- Opening Delimiter -
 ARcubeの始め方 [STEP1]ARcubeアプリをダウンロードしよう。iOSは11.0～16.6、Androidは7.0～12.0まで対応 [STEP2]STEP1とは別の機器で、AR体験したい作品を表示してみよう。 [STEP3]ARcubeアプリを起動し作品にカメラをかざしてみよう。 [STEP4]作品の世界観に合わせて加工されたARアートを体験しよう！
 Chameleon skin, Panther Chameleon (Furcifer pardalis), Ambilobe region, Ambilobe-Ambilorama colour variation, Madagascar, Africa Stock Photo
- Closing Delimiter -
- Opening Delimiter -
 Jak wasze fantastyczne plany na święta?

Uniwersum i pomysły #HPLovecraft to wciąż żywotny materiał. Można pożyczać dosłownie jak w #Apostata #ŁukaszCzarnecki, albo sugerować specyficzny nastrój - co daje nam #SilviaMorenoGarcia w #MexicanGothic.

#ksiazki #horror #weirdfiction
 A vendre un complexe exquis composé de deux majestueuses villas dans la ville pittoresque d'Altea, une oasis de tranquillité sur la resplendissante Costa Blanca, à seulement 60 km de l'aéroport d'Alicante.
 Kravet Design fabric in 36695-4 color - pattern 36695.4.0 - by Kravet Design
- Closing Delimiter -
- Opening Delimiter -
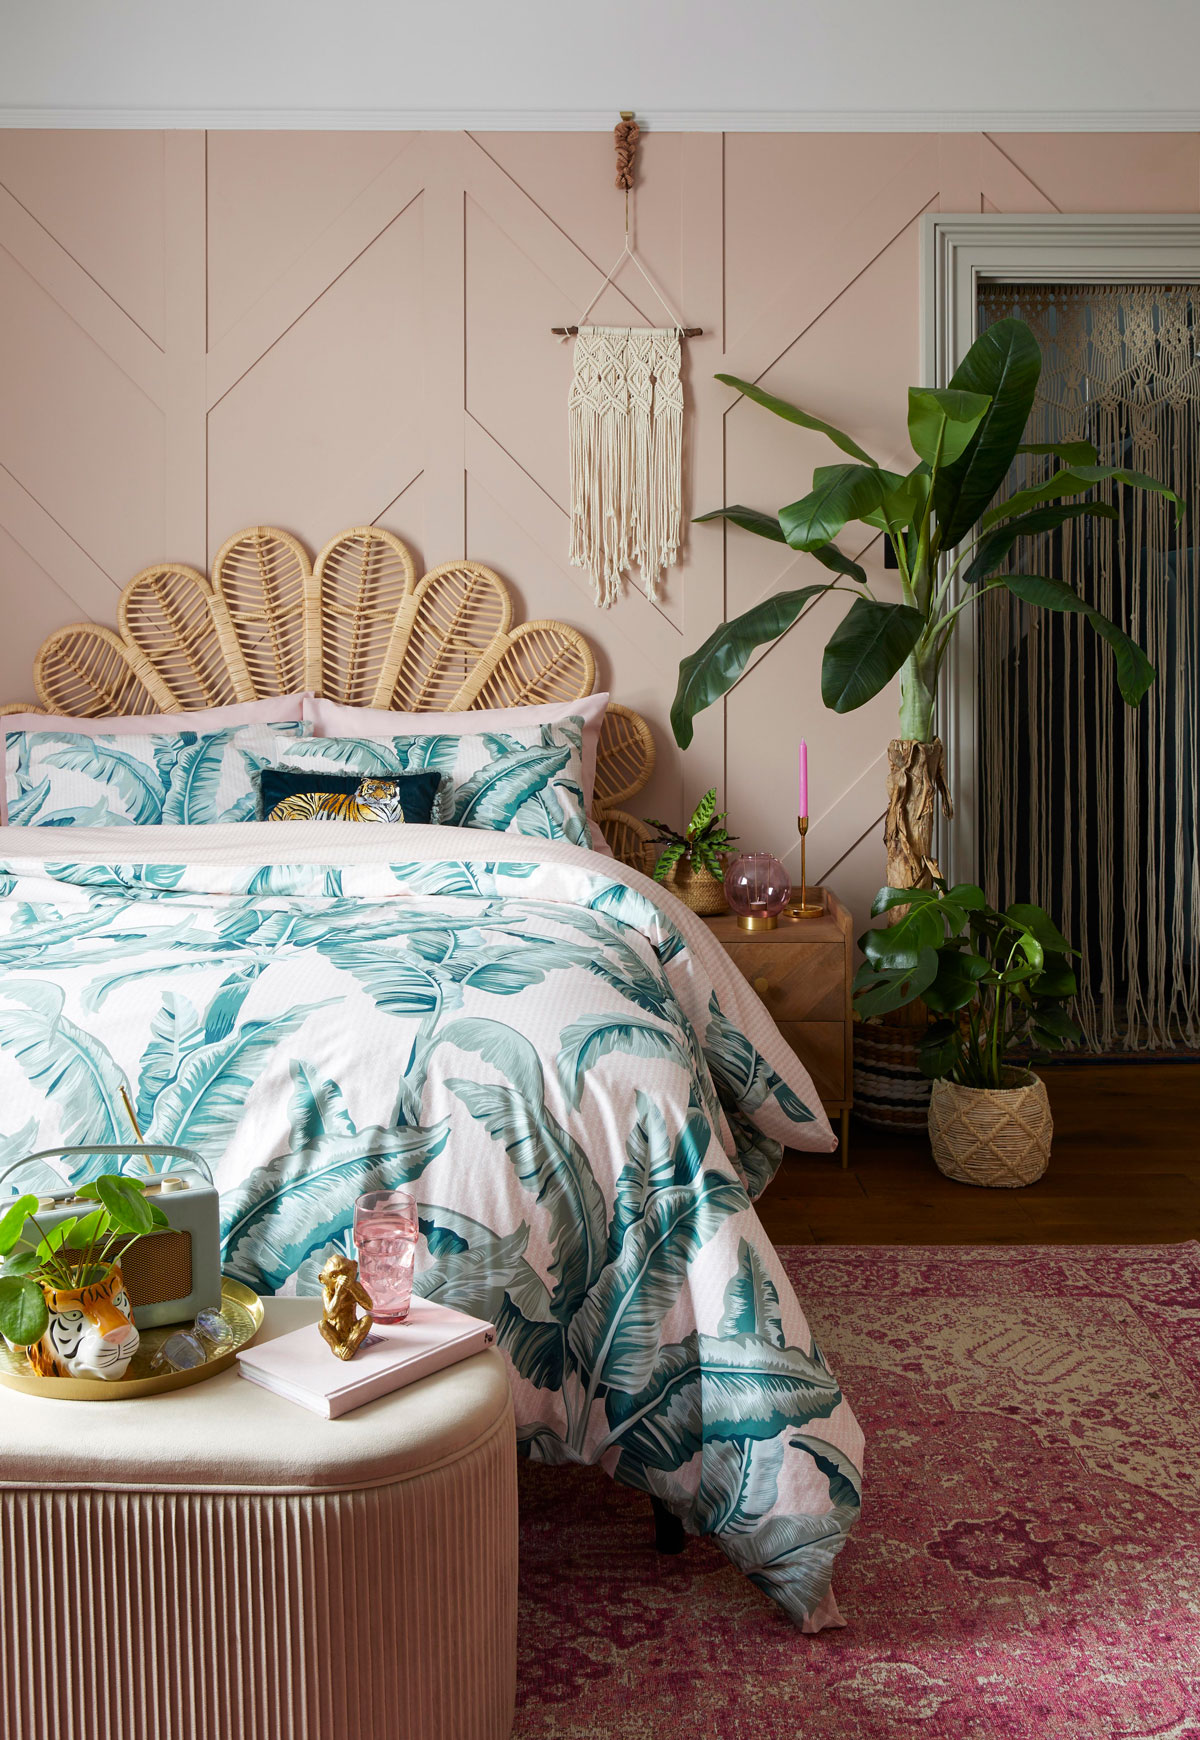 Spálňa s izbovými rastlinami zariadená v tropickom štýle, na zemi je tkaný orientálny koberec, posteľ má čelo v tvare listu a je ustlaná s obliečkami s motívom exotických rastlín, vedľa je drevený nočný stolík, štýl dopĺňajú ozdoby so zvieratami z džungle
- Closing Delimiter -
Only the lines from the one containing "#ksiazki #horror #weirdfiction" through the one containing "Kravet Design fabric" are to be retyped, both boundary lines included, with no other material.

→ **Exercise solution**
#ksiazki #horror #weirdfiction
 A vendre un complexe exquis composé de deux majestueuses villas dans la ville pittoresque d'Altea, une oasis de tranquillité sur la resplendissante Costa Blanca, à seulement 60 km de l'aéroport d'Alicante.
 Kravet Design fabric in 36695-4 color - pattern 36695.4.0 - by Kravet Design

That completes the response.